Mechanistic differences between aryl iodide electrophiles and pronucleophiles in Pd-catalyzed coupling with cyclopropenes: a DFT study

Abstract

Computational studies were carried out to investigate the mechanisms of Pd-catalyzed ring-opening reactions of cyclopropenes with pronucleophiles (H-Nu) and aryl iodide electrophiles, respectively. The mechanistic path for the reaction of cyclopropenes with 2-methylmalononitrile mainly involves the ring-opening of cyclopropenes, isomerization, proton transfer, and nucleophilic attack. For the Pd-catalyzed arylation of cyclopropenes with aryl iodides, the mechanisms and chemo-selectivity are found to be dependent on the substituent attached to the C(sp³) atom of cyclopropenes. When a β-H atom is present in a group attached to the C(sp³) of cyclopropenes, the reaction could proceed successively through two catalytic cycles. The first cycle mainly includes the oxidative addition of aryl iodides, migration insertion of cyclopropenes, and base-assisted β-H elimination, leading to an aryl cyclopropene derivative.
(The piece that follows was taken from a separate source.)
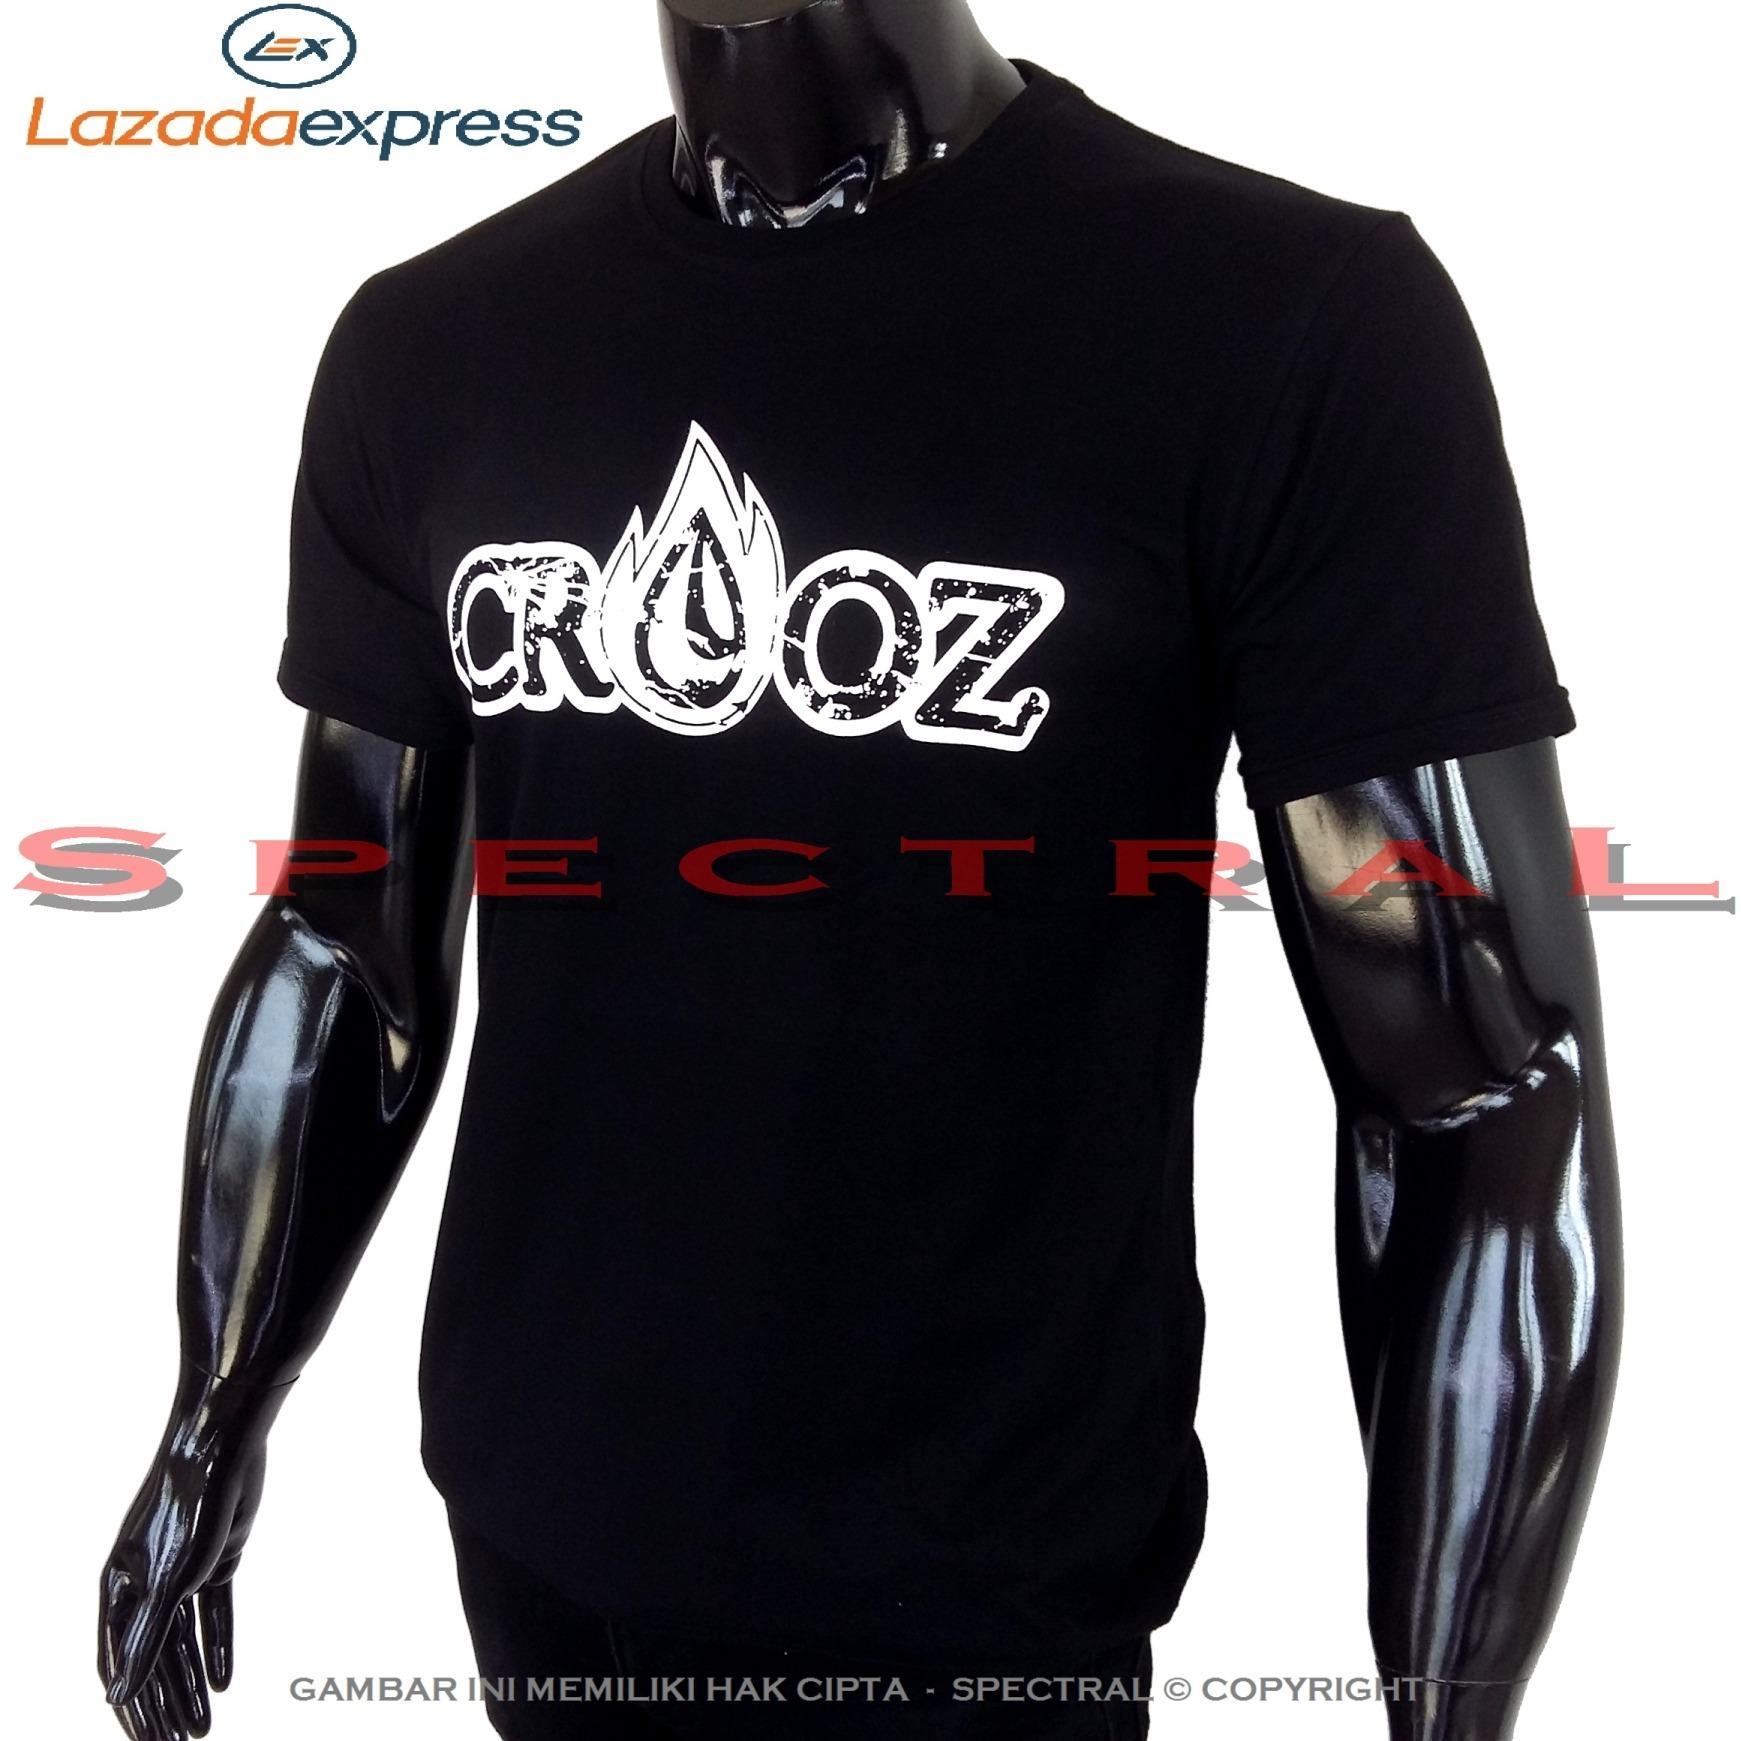 Spectral – CROOZ 100% Soft Cotton Combed 30s Kaos Distro Fashion T-Shirt Atasan Oblong Baju Pakaian Polos Shirt Pria Wanita Cewe Cowo  Lengan Murah Bagus Keren Jaman Kekinian Jakarta Bandung Hitam Gambar Crot Crozz Merek Kata Tulisan 420 4.20

In the second cycle, after the substrate of aryl iodide is completely transformed, the Pd(0) catalyst would further activate the generated aryl cyclopropene to form a metallacyclobutene intermediate. Subsequently, the formed metallacyclobutene intermediate could sequentially undergo isomerization, proton transfer, and base-assisted β-H elimination to furnish the conjugated diene product. However, if such a β-H atom is absent, the second cycle cannot be performed. As a result, the final product is the aryl cyclopropene generated in the first cycle.